There’s nothing that frustrates me more than forced participation.  In my eyes, if my hand is not raised, I clearly have nothing of substance to say.

I don’t see the point in forcing a student to ramble about something that doesn’t really make sense as opposed to just letting them listen.

  I’m all for teachers calling on students who don’t seem like they are paying attention, but other than that, what harm would come from just letting them sit there?   

As far back as I can remember, I’ve had somewhat of a love-hate relationship with participation. I either actively participate in a class, or I don’t participate at all. There’s no in between.   

There’s a significant difference between calling on students just because they have not said anything the whole class period, as opposed to choosing students who do not have their hand raised, but the teacher knows they probably have something great to say.

Freshman year, nothing made me more uncomfortable than having to present in front of the whole class.

I remember in my world history class we had a huge presentation at the end of the year.

I did not sleep at all the night before because of how nervous I was.  During the majority of my presentations my heart was racing and my palms were sweating like no other.  It was even difficult for me to speak coherently.

To be able to feel more comfortable talking in front of my peers, I decided to sign myself up for a public speaking class.

Sophomore year rolled around and it was finally time to face my fears.  It was time to go to a class once a day that would force me to participate and learn how to become a better speaker.

The problem that arose was that now I was scared of going to my public speaking class.  I loved the teacher and the idea of the class. Unfortunately, every time I had to present I found a way out of it, and even went as far as staying home.

I finally realized that even if I didn’t show up the day I was initially scheduled to present, I would still eventually have to.

The more speeches I gave, the more comfortable I felt and the fear began to subside.

I would highly recommend trying out a public speaking class. It has, without a doubt, helped me become a better speaker.

Junior year was great in the sense that none of my teachers forced me to participate.  The problem, though, was that I rarely spoke in any of my classes besides English.

I am now in an English class called Great Books.  Participation is worth about 40 percent of our final grade.  I took this class for the precise reason of hoping that it would push me out of my comfort zone.

And that it did.

At the beginning of the year, I was pretty intimidated by my peers because everyone had such thorough responses in the discussions.

Now it is honestly one of my favorite classes.

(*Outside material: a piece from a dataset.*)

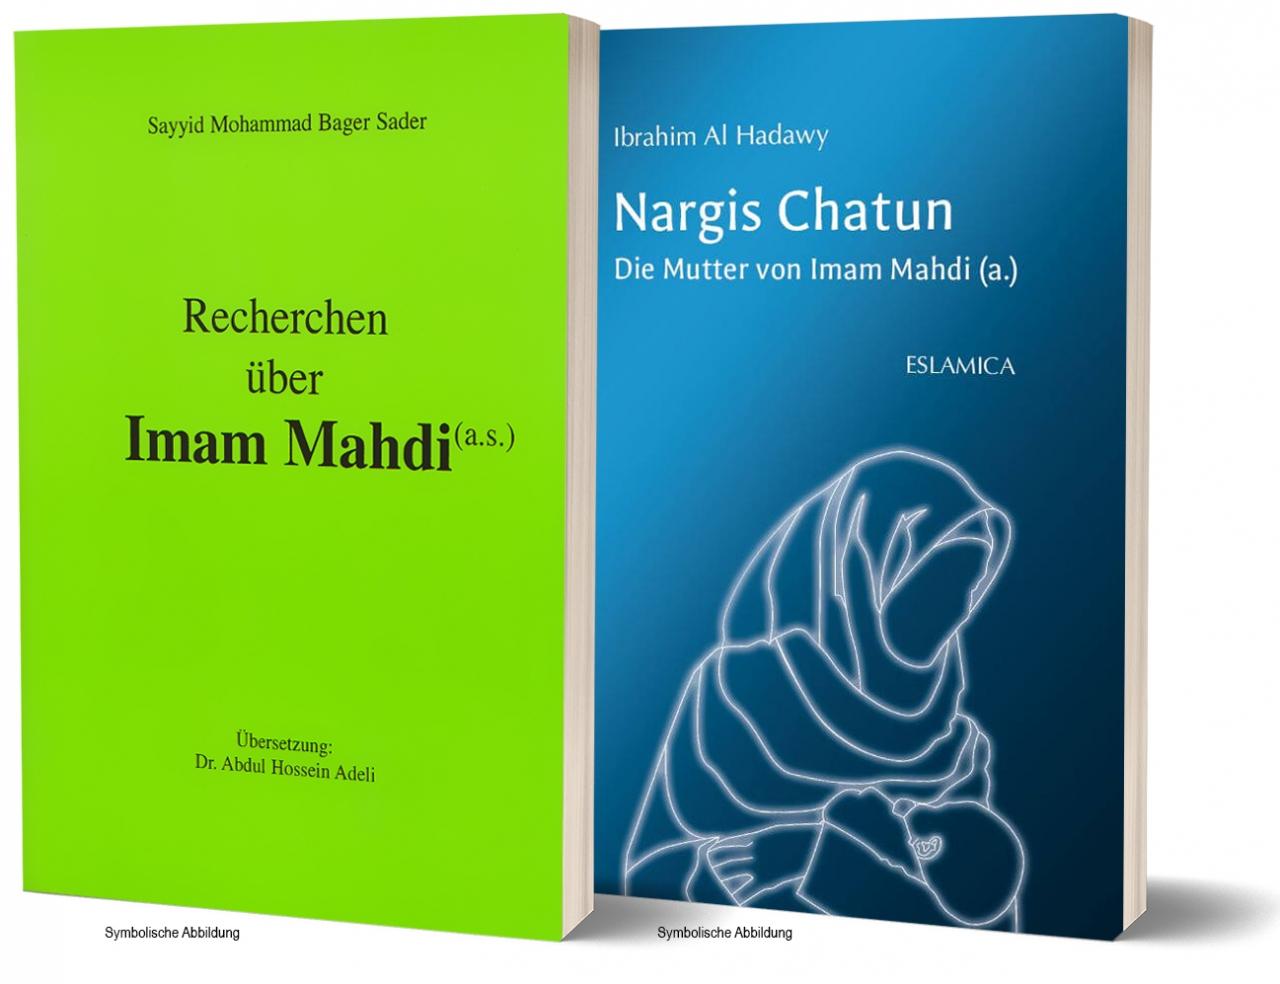 Bundel: Recherchen über Imam Mahdi + Die Mutter von Imam Mahdi (Nargis Khatun)

I’ve learned not to doubt myself, and sometimes just speaking your mind is all that it takes to be more comfortable participating.

Don’t let your own fears determine whether or not you will pursue an interest of yours.  I’ve always wanted to take a public speaking class, even though I hated speaking in front of groups.

Great Books seemed like a spectacular class unlike any I have ever taken before.  Stepping out of your comfort zone can be a great thing, and it can help you discover interests that you never even thought you had.

In some situations, you are the only person holding yourself back from reaching your full potential.